This code should be old hat to anyone coming from a Java background.  Under the surface, this code is compiled into a while-loop with an iterator and an increment operation.  The code steps through the array, assigning each successive element to name.  Most statically typed languages have a construct similar to this.  For example, C# offers the foreach statement, which is almost precisely similar to Java’s enhanced for-loop, but with a slightly different syntax.  However, some languages (like Ruby) idiomatically eschew loops and rely instead on higher-order methods.  Translating the above into Ruby yields the following:

names = ['Daniel', 'Chris', 'Joseph']
names.each do |name|
  puts name
end

In this case, we aren’t using a loop of any kind, but rather creating a block (Ruby’s name for a closure) which takes a single parameter and passes it to the built-in puts method.  This block is then passed as an object to the each method of class Array, which calls the block once for each element in series.  Certainly, there is a language construct which encapsulates this, but using the each method directly is considered more “Ruby”.

The same approach is taken in Scala.  Rather than define a special construct for iteration, Scala simply provides the syntactic tools needed to construct higher-order methods like Ruby’s each.  Every collection in Scala’s library defines (or inherits) a foreach method (taking after its C# ancestry) which behaves precisely like Ruby’s each.  To show how, we will translate our example once more, this time into Scala:

val names = Array("Daniel", "Chris", "Joseph")
names.foreach { name =>
  println(name)
}

Here we define an anonymous method (Scala’s name for a closure) which takes a single parameter.  As in Ruby, this closure is passed to foreach and invoked for each array element.  In this way, foreach is a a so-called “higher-order” method, due to the fact that it accepts a parameter which is itself another method.  Scala’s implementation of this concept is actually a bit more general than Ruby’s, allowing us to shorten our example into the following:

val names = Array("Daniel", "Chris", "Joseph")
names.foreach(println)

This time, instead of creating an anonymous method to pass to foreach, we simply pass the println method itself.  The only criterion that foreach imposes on its parameter is that it is a method which accepts a single parameter of type String (the element type of the array).  Since we already have just such a method (println), there is no need to define another simply for encapsulation.
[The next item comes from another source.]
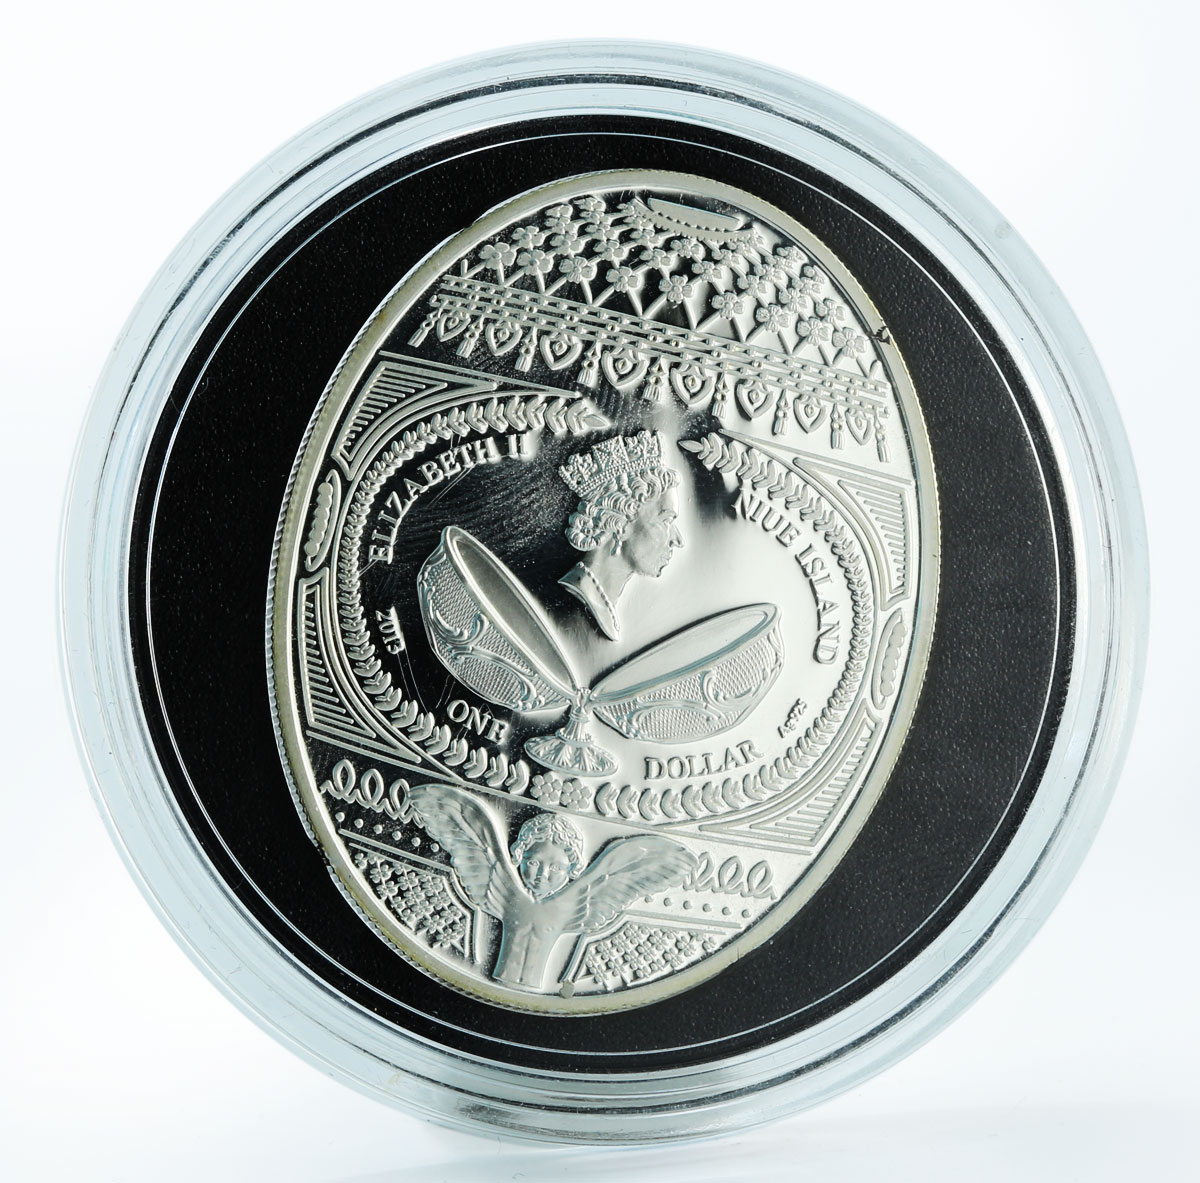 Niue 1 dollar Love tree zircon insert proof silver coin 2013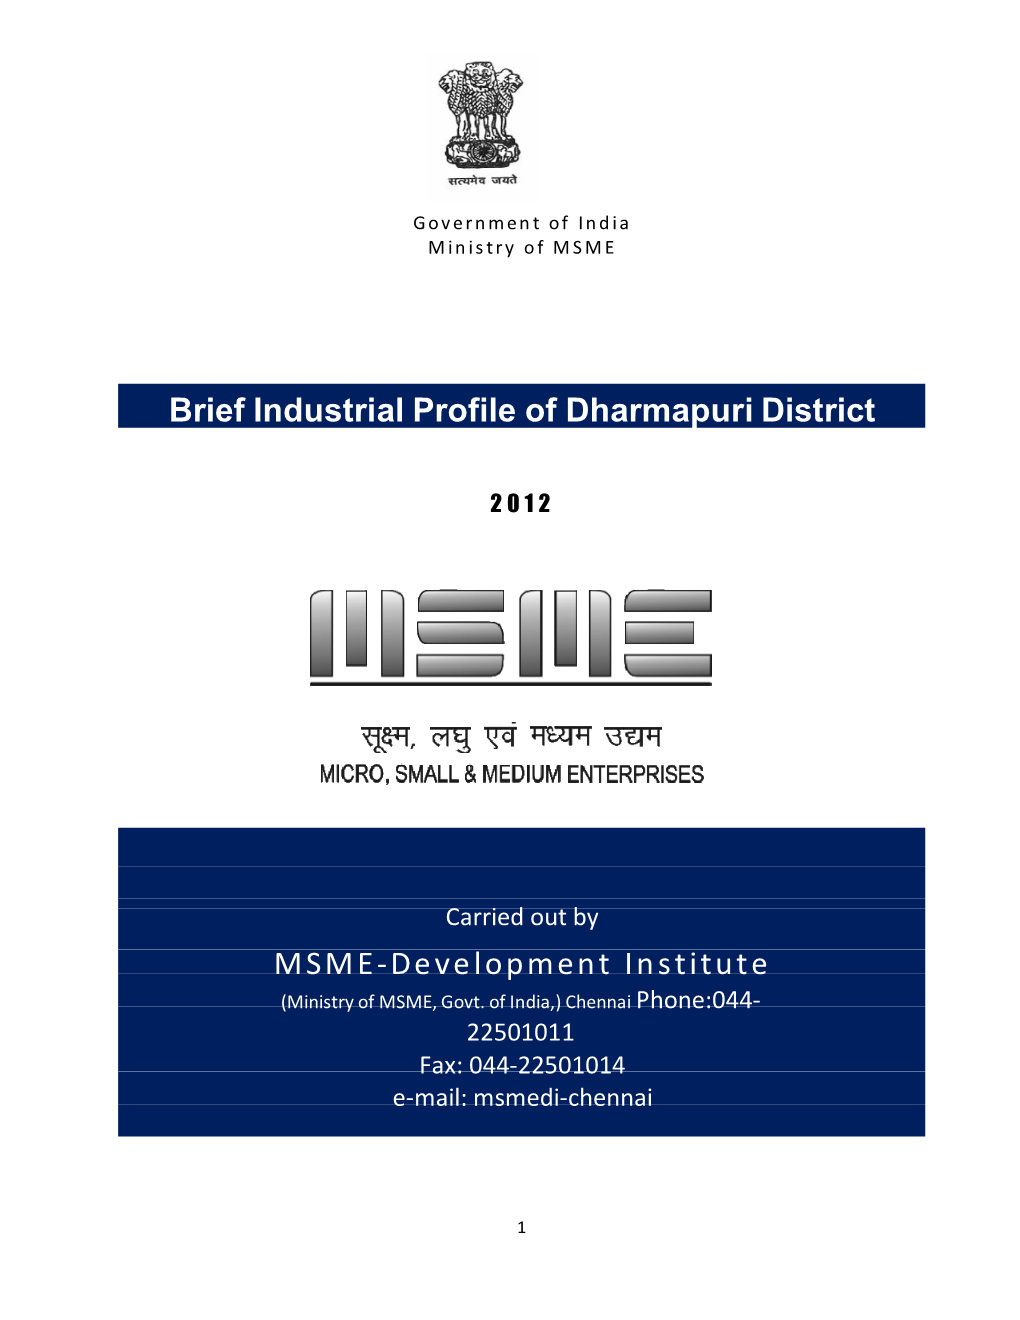 Brief Industrial Profile of Dharmapuri District

Unfortunately, despite its flexibility, foreach is not always the most syntactically concise way to iterate over a collection.  There are times that we just want to use a syntax which is similar to the for-loops available in other languages.  Well, fear not!  Scala’s for-comprehensions are more than capable of providing just such a syntax.  Consider the example of imperatively summing the values of a list:

val nums = List(1, 2, 3, 4, 5)
 
var sum = 0
for (n <- nums) {
  sum += n
}

At compile-time, the above is actually translated into an equivalent call to foreach, passing the body of the loop as the anonymous method.  This means that any class which correctly declares a foreach method may be used in a for-comprehension in this way, greatly reducing the syntactic overhead.

Folding

Looping is nice, but sometimes there are situations where it is necessary to somehow combine or examine every element in a collection, producing a single value as a result.  An example of this could be our previous example of summing a list.  Using foreach, we had to make use of a mutable variable (sum) and produce the result as a side effect.  This is fine for hybrid languages like Scala, but some languages actually lack mutable variables altogether.  In the previous post, I mentioned ML, which is a pure-functional language (almost).  Since pure-functional languages lack mutable state, the gods of computing needed to come up with some other way to accommodate this particular case.  The solution is called “folding”.

Folding a collection is literally the process of looking at each element in addition to a current accumulator and returning some value.  To make things more clear, let’s re-write our list summing example in a functional style:

val nums = List(1, 2, 3, 4, 5)
val sum = nums.foldLeft(0) { (total, n) =>
  total + n
}

It may seem a bit disguised, but this too is a loop, just like foreach.  For each element in the list (starting from the left), the foldLeft method will call the anonymous method we passed to it, providing both the current element, as well as the total accumulated from the previous call.  Since there was no previous call when the first element is processed, we must specify an initial value for total – in this case, 0.  Literally, the above can be flattened into the following:

val sum = 0 + 1 + 2 + 3 + 4 + 5

Of course, we would never want to hard-code a list in this fashion, but it serves as a sufficient illustration of the functionality.  I know from experience that when you first discover fold it’s difficult to see why anyone would want to use a construct so limited.  After all, doesn’t it just serve to obscure the true meaning of the code?  Well, take my word for it, fold is an almost indispensable tool…once you get to know it a little better.  Try keeping an eye out for times in your own code where a fold might be useful instead of a conventional loop.  You’ll be surprised how often it can be used to solve a problem, sometimes one not even intuitively related to accumulation.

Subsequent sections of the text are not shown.